The criminal bastards at CNN chased down and threatened a 15 YO boy Lynnette. Funny how a 15 YO white boy is suddenly a "man" in your and your chosen media's eyes when a 25 YO Afghan lying about being 17 is always a poor child.

Probably a crime acccording to Assange:

https://twitter.com/JulianAssange/status/882430554544713728

Also from Reddit:

"CNN can track down a random guy from Reddit, but they totally have no idea how Donna Brazile got the debate questions.?"

Lynnette, this was not a win for CNN at all. This will add to the white hot rage many people feel towards them. Disgusting behavior. The backlash will be severe.

Marcus said...

Looks like he wasn't 15 after all. With all this fake news going around it's hard to know what to believe.

   Lee C.  ―   U.S.A.     said...

 
Well, one of the things you can believe is that Trump found him first.

   Lee C.  ―   U.S.A.     said...

 
And, another thing you can believe is that Assange, who most certainly does not have any interest in Making America Great Again, keeps coming out in the defense of Trump.  (And Sean Hannity, one of FoxNews' most dedicated Trumpkins, keeps trying to rehabilitate Assange with the FoxNews crowds.)

   Lee C.  ―   U.S.A.     said...

 
David Ignatius opines, in the Washington Post, that we ought to coöperate with the Russians in Syria, at least to the extent of granting the Iranians control over that corridor they want to establish from Tehran to Beirut.

I tend to disagree.

Lynnette In Minnesota said...

Looks like he wasn't 15 after all. With all this fake news going around it's hard to know what to believe.

That's all right, Marcus, from his behavior anyone could have been fooled.

Lynnette In Minnesota said...

That was an interesting article, Lee. Perhaps pragmatism is what is called for when looking at Syria.

Within your article there was another that was also good.

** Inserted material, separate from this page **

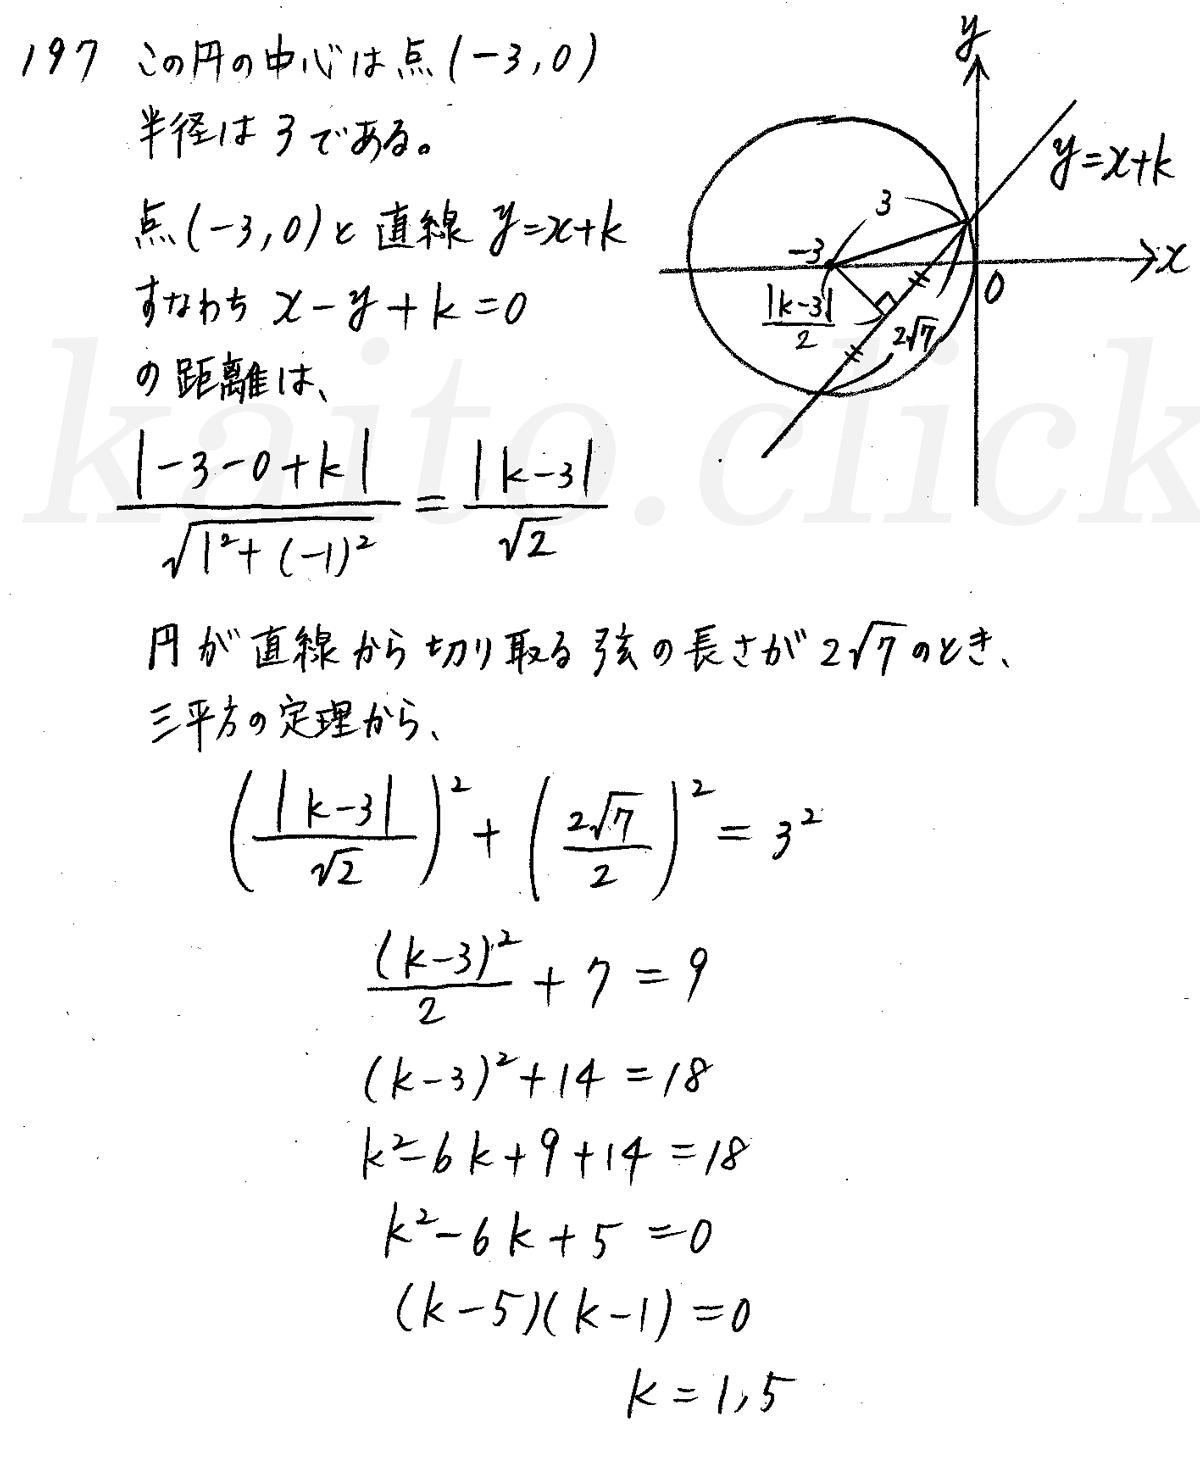 クリアー数学2-197解答

One city offers a preview of Syria's future

“This is not a work of beauty. This is pragmatism,” says Maj. Gen. Rupert Jones, the British deputy commander of coalition forces in Iraq and Syria who accompanied McGurk here. The United States and its partners are supplying potent Special Operations forces for training and air support. But the Syrian Kurds and their Arab allies are doing the fighting and the dying on the ground, and for better or worse, it’s their vision of governance that will take hold as the Islamic State falls.

Marcus said...

Lynnette:

"That's all right, Marcus, from his behavior anyone could have been fooled."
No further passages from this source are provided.